Tuesday, January 18, 2022

You Know What? Two Okay Comedies!

I watched Heartbreakers (David Mirkin, 2001) only because Mirkin's sole other directorial effort is my beloved Romy and Michele's High School Reunion (1997). Predictably, it's not fit to shine Romy and Michele's Pradas. The main problem is that it has a 123-minute running time as opposed to Romy and Michele's 92 minutes, far too long for such a bauble. Still, Mirkin pulls off the neat trick of fashioning a cute film out of a nasty story about mother-and-daughter con artists (Sigourney Weaver and Jennifer Love Hewitt). Featuring the last onscreen appearance of Anne Bancroft and one of the last glimpses of the Twin Towers in a contemporary film. 

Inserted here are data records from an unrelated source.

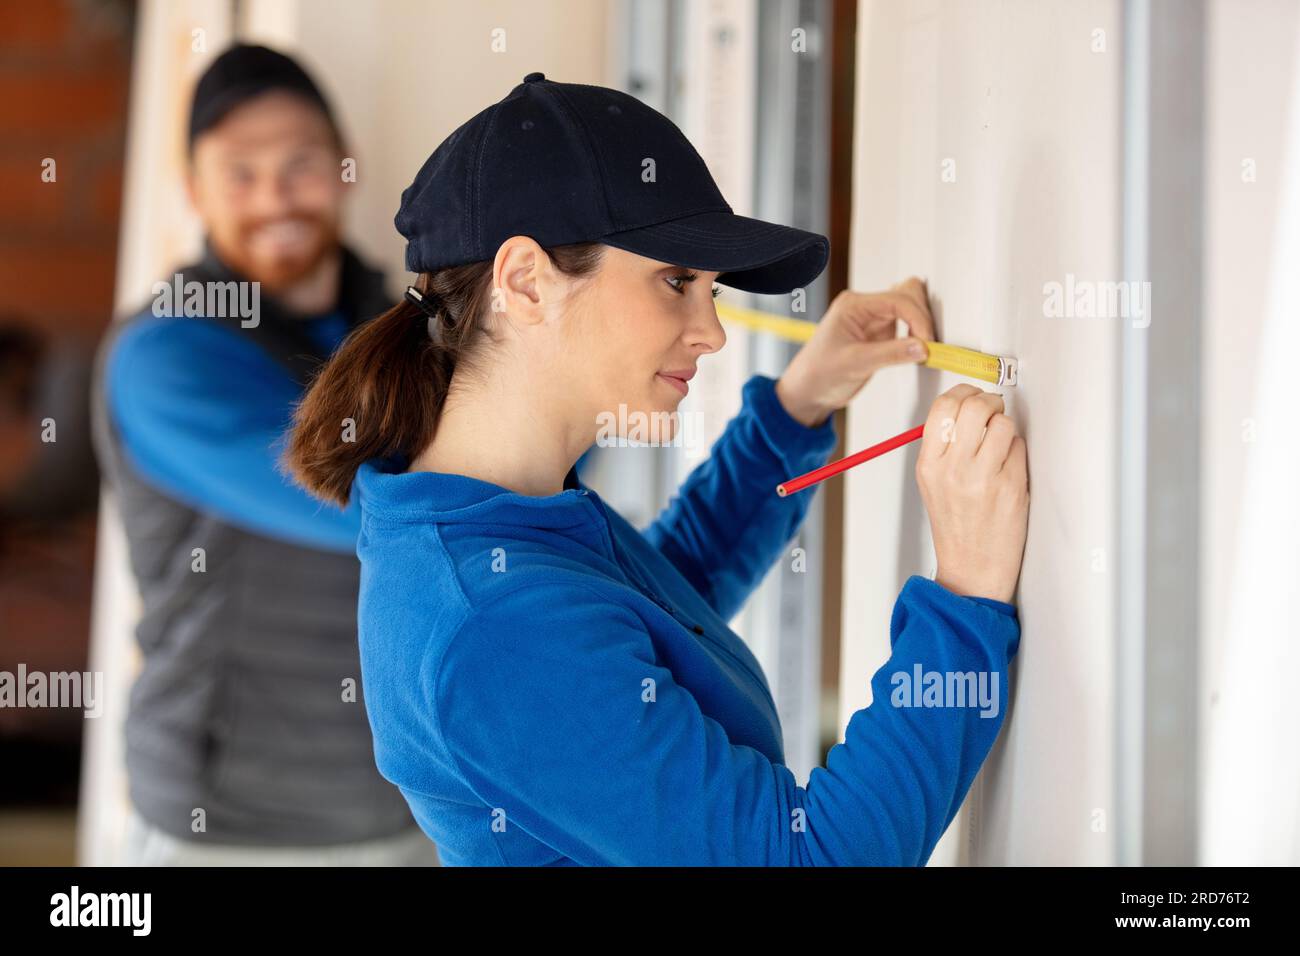 woman construction worker using measure tape and pencil Stock Photo
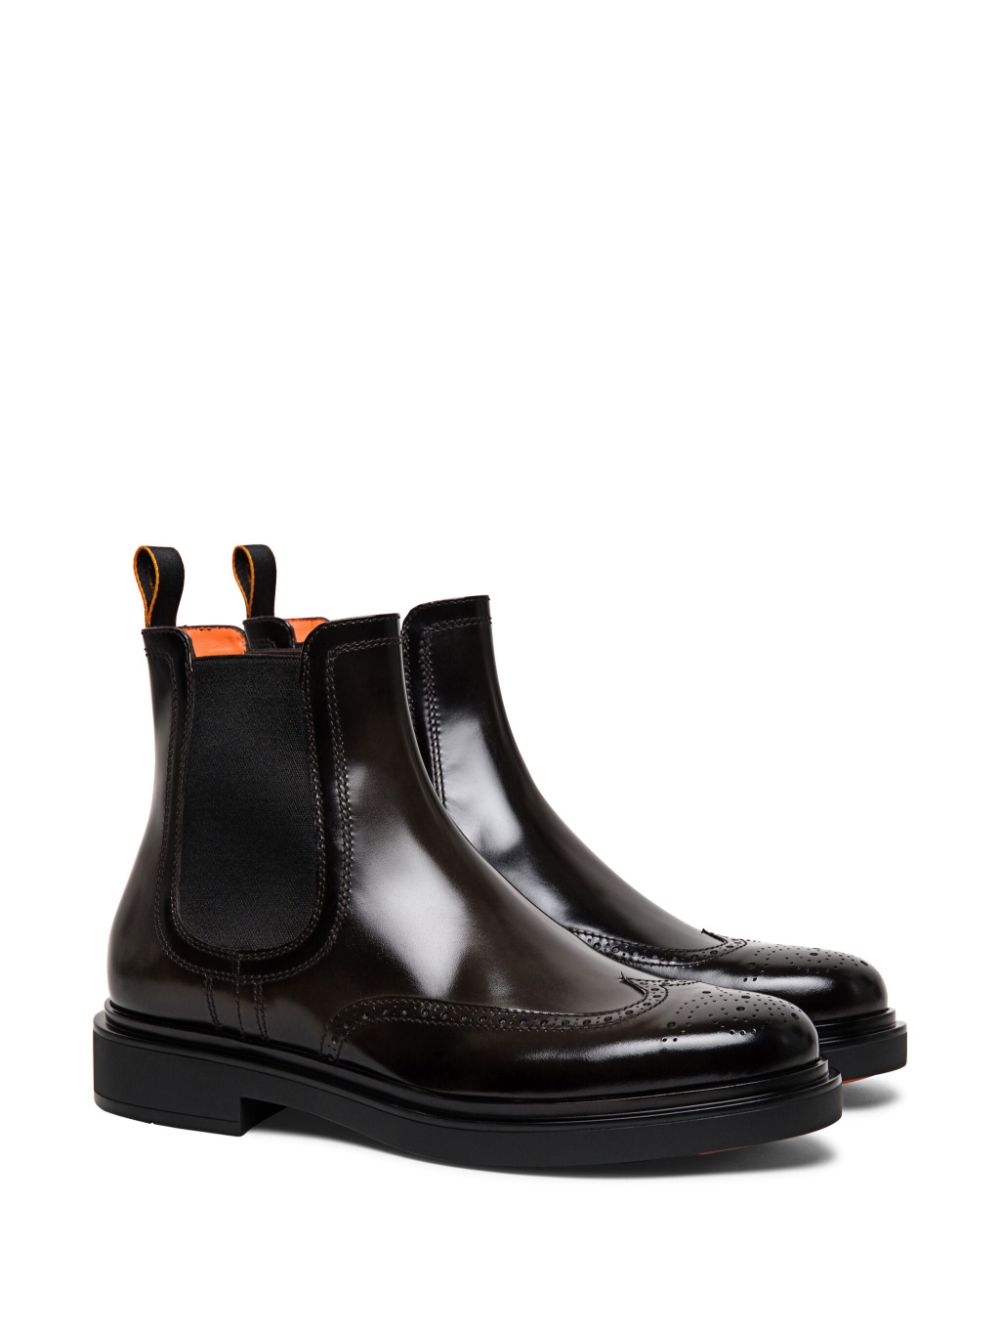 Santoni perforated leather Chelsea boots - Bruin
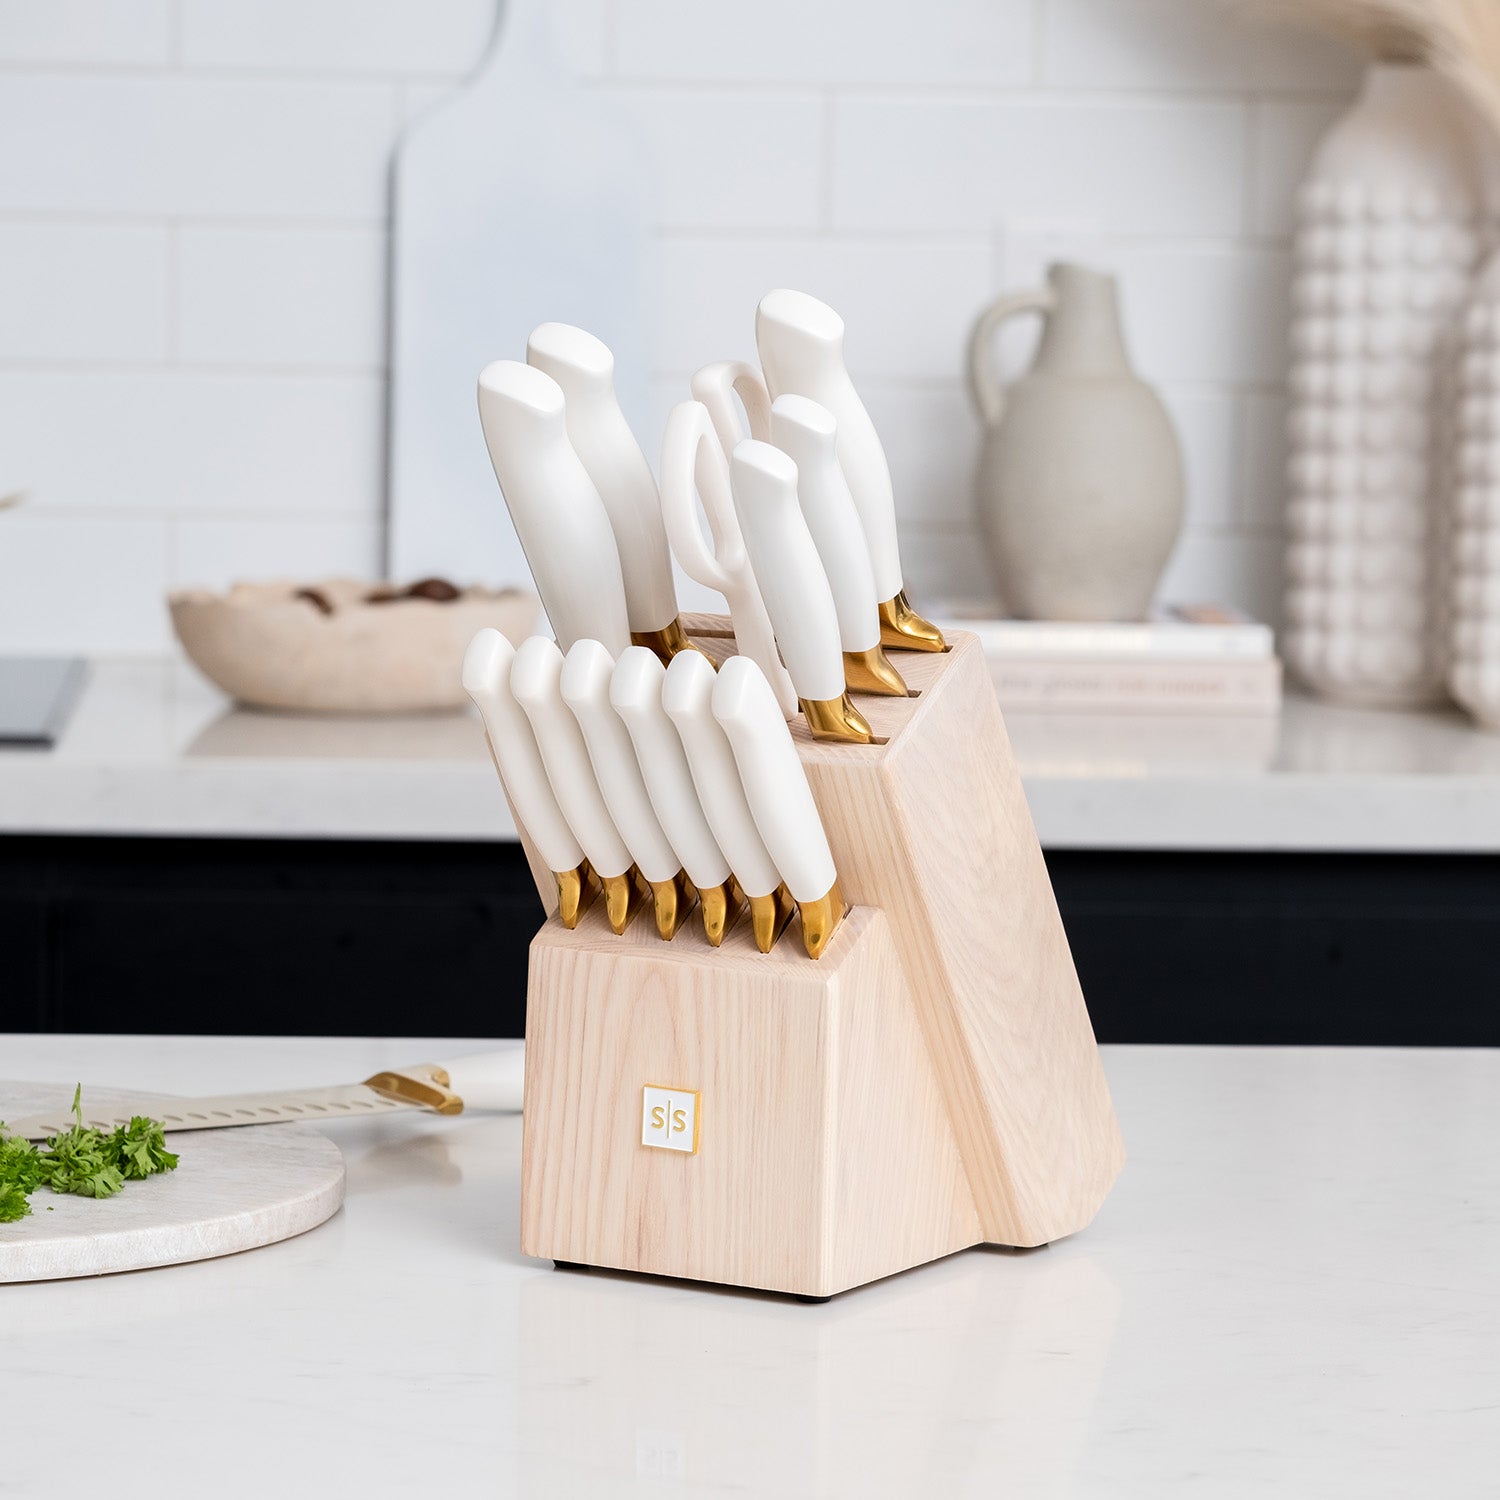 White and Gold Knife Set with Sharpener - 14pc Self Sharpening Knife Block Set - White and Gold Kitchen Accessories, Gold Kitchen Decor

Switch (Blake Edwards, 1991) is lesser Edwards about a pieceashit sexist (Perry King) who is murdered by three wronged women. He ascends to Purgatory where God (voiced by a man and a woman) works with The Devil (Bruce Martyn Payne, looking like the love child of Gillian Anderson and Matthew McConaughey) to send him back to earth in the body of a woman (Ellen Barkin, up to the task and then some). If he can get one woman to like him, he will gain entry into heaven. 2022 viewers will twist themselves into a wiener package trying to determine if this film is transphobic or homophobic or whatnot. For sure, its view of gender is pretty rigid. Me, I'm content with the fact that the word "homophobic" is even uttered in the film. It was from the early 1990s, after all, an era which is quickly sliding into a "that's how things were back then" profile. In fact, I just helped it along that path.